Union leaders have insisted demands for a 6.5% pay rise for council workers are “realistic”.
Unison, Unite and the GMB want staff to have a salary increase of either £1,500 or 6.5%, depending on which is greater.
The unions submitted their pay claim for 2018/19 to local government body Cosla, saying a rise of this level was needed for workers’ pay to increase in line with inflation and to start to address the real-terms loss of earnings staff suffered when public sector pay was capped.
Finance Secretary Derek Mackay fulfilled a pledge to lift the 1% pay cap in his draft Budget, but it will be councils who have to find the cash to fund an increase in staff wages.
The Scottish Government’s public sector pay policy for 2018/19 includes a guaranteed minimum increase of 3% for all public sector workers earning £30,000 a year or less.
Those earning between £30,000 and £80,000 should receive up to 2%, while any rise for those on salaries above this should be limited to £1,600, it states.
Johanna Baxter, head of local government bargaining for Unison Scotland, said it welcomed the government’s intention to lift the pay cap for public sector workers.
She said: ” Our members, working hard to deliver a good public service in local authorities across the country, should be covered by this commitment.
“This claim is therefore both realistic and in line with the Government’s stated objective of lifting the pay cap for public sector workers.”
Ms Baxter said: ” Our local government worker members have suffered a real-terms loss in pay over the past ten years of some 15%.
“It is only right therefore that this year’s pay settlement must protect workers from the sharp rise in inflation, start to reverse the many years of real-terms cuts to wages through pay restoration, and protect the lowest paid.”
She added: ” It is untenable for the Scottish Government to starve local authorities of funding when it has received a £188 million cash increase in its budget from Westminster.
“Austerity has meant £1.4 billion of efficiency savings in Scottish local government since 2012 and 30,000 people have lost their jobs in Scottish local government over the last five years.
“The remaining staff are expected to do more for less. This is understandably having an impact on staff morale and job security.
“The key to the future of local government lies with the dedicated staff who provide the services to our communities.
“This must be recognised and staff properly rewarded through this pay round and in the future in redressing the balance of earnings against the cost of living.”
Cosla resources spokeswoman Councillor Gail Macgregor said: “We met with the trade unions today. This was the first meeting in relation to this year’s pay award.
“We will take the claim away and consider it carefully, obviously taking full cognisance that, as employers, our pay awards have to be both sustainable and affordable.”

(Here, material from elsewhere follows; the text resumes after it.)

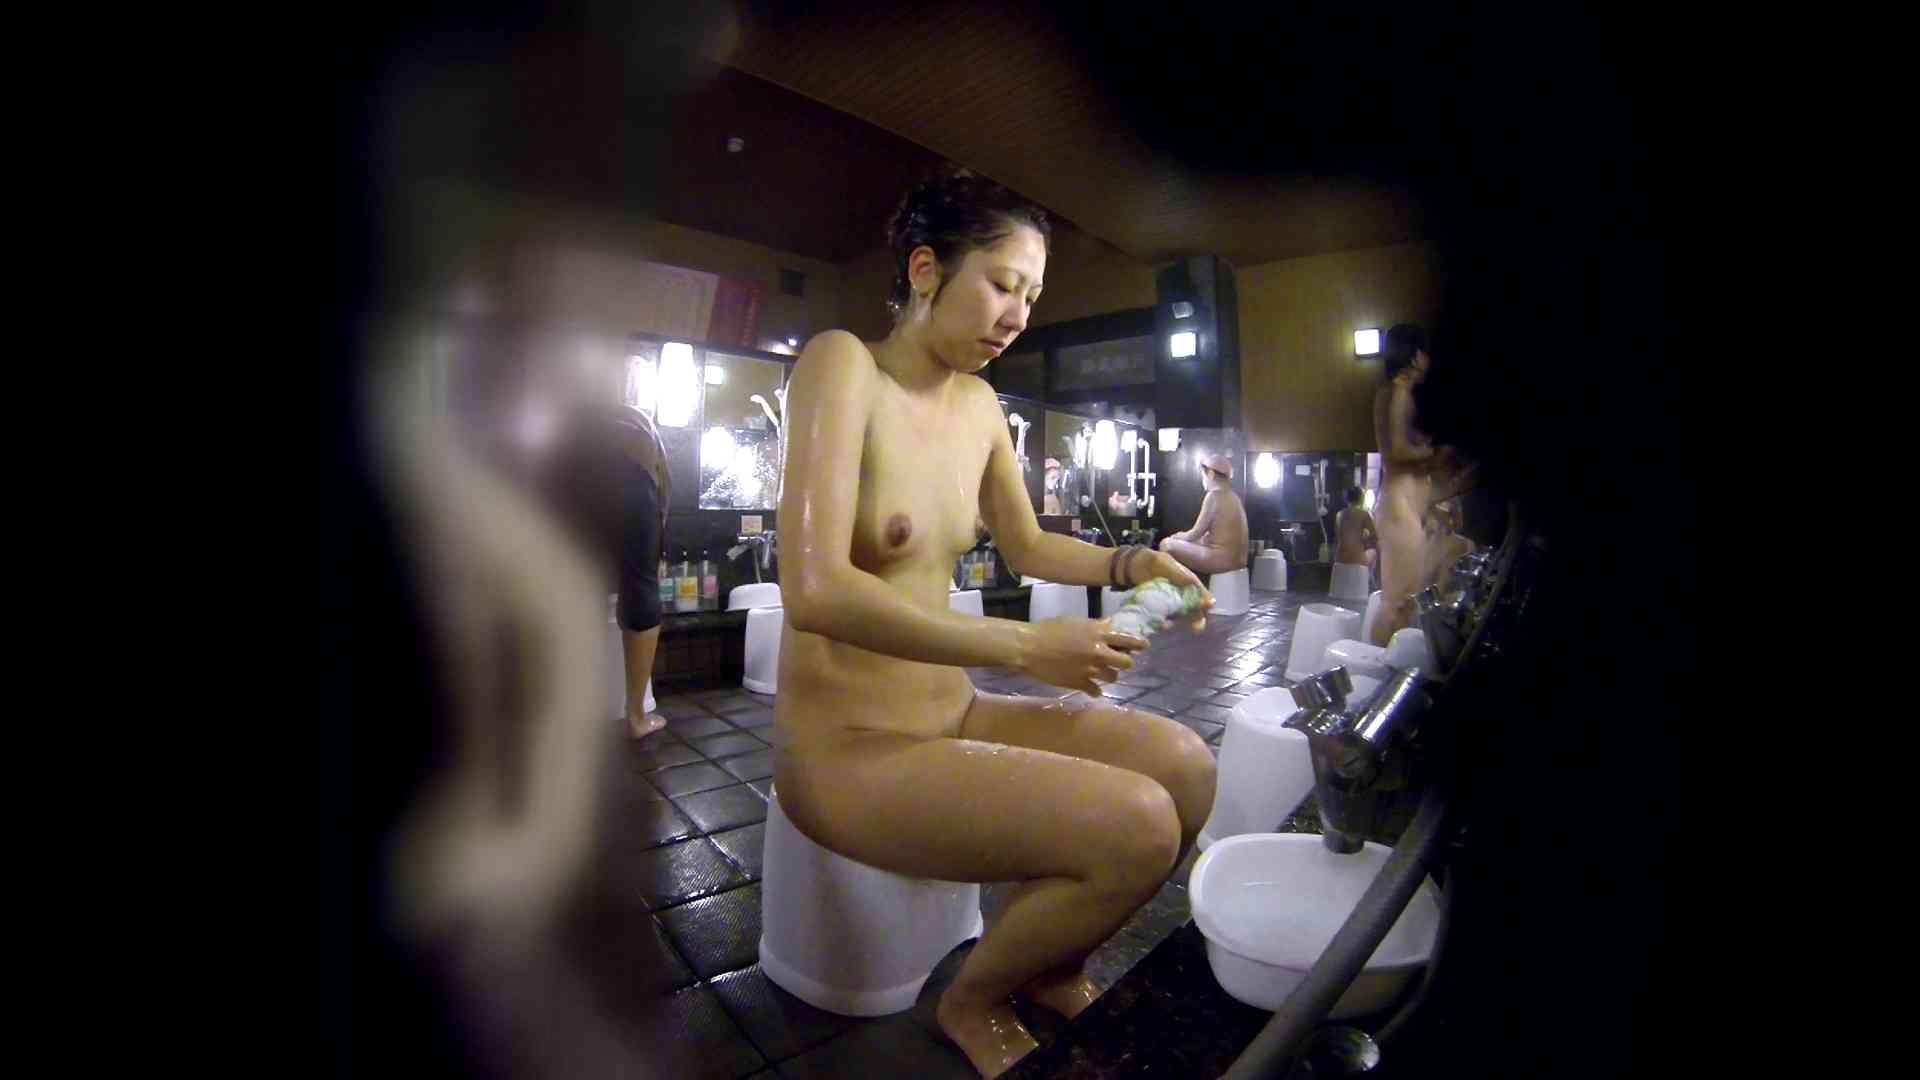 洗い場!綺麗に整えられた陰毛に嫉妬します。 女湯の中 われめAV動画紹介 82画像 22

A Scottish Government spokeswoman said: “Pay and other employment issues for local government staff are matters for local authorities.
“Despite the UK Government’s cuts to the Scottish budget, we have continued to treat local government very fairly.
“The 2018-19 local government finance settlement foresees an increase both in revenue and capital (11%) investment as part of a wider package of measures.
“Together with the additional power to increase council tax by up to 3% (worth around £77 million next year), this will generate an increase of 1.6% in the overall resources to support services.”